- **Extracted material**:
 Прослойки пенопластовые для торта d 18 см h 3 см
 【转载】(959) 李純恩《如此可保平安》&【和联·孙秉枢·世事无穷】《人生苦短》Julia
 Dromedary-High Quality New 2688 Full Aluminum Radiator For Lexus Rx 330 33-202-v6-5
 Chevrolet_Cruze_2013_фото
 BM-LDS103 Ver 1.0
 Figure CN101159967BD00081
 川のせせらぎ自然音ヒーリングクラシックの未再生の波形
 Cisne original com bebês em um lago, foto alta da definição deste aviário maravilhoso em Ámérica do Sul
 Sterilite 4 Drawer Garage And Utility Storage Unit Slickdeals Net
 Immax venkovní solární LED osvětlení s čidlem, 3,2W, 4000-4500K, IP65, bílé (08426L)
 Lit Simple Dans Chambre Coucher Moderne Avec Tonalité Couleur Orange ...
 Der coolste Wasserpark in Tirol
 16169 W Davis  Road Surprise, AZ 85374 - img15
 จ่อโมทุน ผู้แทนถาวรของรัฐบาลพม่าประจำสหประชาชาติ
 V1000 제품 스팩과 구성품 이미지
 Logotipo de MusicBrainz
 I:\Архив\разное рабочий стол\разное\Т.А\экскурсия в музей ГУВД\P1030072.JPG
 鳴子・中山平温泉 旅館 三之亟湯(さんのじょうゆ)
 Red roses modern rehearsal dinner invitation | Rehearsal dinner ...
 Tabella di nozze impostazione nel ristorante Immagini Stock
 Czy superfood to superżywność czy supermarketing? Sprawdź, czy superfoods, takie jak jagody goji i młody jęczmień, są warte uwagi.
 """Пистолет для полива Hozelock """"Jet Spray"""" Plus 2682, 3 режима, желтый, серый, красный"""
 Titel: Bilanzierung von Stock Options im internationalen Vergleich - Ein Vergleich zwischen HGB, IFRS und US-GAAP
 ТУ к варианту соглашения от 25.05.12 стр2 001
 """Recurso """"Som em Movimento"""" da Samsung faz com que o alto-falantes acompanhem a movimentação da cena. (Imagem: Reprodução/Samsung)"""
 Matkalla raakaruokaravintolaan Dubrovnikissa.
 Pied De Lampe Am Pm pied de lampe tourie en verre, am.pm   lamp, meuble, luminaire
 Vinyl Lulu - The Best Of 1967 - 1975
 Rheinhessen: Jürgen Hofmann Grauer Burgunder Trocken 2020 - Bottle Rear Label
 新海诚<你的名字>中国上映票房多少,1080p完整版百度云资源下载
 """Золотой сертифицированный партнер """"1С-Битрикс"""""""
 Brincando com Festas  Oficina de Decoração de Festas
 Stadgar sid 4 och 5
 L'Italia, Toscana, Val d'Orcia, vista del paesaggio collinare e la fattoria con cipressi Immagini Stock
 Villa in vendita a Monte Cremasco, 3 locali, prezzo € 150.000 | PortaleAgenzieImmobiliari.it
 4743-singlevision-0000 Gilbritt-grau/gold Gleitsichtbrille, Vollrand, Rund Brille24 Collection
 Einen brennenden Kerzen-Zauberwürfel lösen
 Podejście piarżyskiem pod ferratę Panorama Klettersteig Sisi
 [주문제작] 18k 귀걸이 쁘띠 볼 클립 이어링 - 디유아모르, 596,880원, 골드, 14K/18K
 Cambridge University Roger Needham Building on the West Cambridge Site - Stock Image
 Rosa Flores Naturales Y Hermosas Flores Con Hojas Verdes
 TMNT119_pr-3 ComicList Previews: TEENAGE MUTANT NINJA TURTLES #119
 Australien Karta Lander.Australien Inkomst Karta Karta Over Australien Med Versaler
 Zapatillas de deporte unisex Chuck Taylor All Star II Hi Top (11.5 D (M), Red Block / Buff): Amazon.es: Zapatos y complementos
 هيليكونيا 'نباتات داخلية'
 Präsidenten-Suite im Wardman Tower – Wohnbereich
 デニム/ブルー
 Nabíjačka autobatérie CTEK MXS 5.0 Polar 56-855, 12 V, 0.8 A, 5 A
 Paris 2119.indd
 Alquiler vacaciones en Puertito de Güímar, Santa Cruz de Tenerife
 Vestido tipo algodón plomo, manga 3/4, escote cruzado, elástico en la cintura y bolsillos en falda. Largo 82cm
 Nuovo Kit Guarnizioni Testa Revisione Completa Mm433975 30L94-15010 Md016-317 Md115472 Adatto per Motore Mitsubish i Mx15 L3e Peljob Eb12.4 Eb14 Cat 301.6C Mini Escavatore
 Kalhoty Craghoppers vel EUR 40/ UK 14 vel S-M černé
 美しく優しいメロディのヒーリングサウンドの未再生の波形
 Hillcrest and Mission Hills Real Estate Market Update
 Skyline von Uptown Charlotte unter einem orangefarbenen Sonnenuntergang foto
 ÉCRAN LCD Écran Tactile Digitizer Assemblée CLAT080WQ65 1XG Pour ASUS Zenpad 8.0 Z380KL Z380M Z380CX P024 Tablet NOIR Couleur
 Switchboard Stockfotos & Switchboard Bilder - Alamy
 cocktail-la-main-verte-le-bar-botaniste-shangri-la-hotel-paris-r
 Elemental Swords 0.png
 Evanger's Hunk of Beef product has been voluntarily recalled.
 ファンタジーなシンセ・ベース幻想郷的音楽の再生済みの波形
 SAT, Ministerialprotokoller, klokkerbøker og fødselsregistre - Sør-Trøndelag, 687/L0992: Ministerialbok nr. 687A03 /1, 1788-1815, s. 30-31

- **Your assignment**: Copy out each line of the listing that holds the string "Immagini".

- **Reply to the task**:
 Tabella di nozze impostazione nel ristorante Immagini Stock
 L'Italia, Toscana, Val d'Orcia, vista del paesaggio collinare e la fattoria con cipressi Immagini Stock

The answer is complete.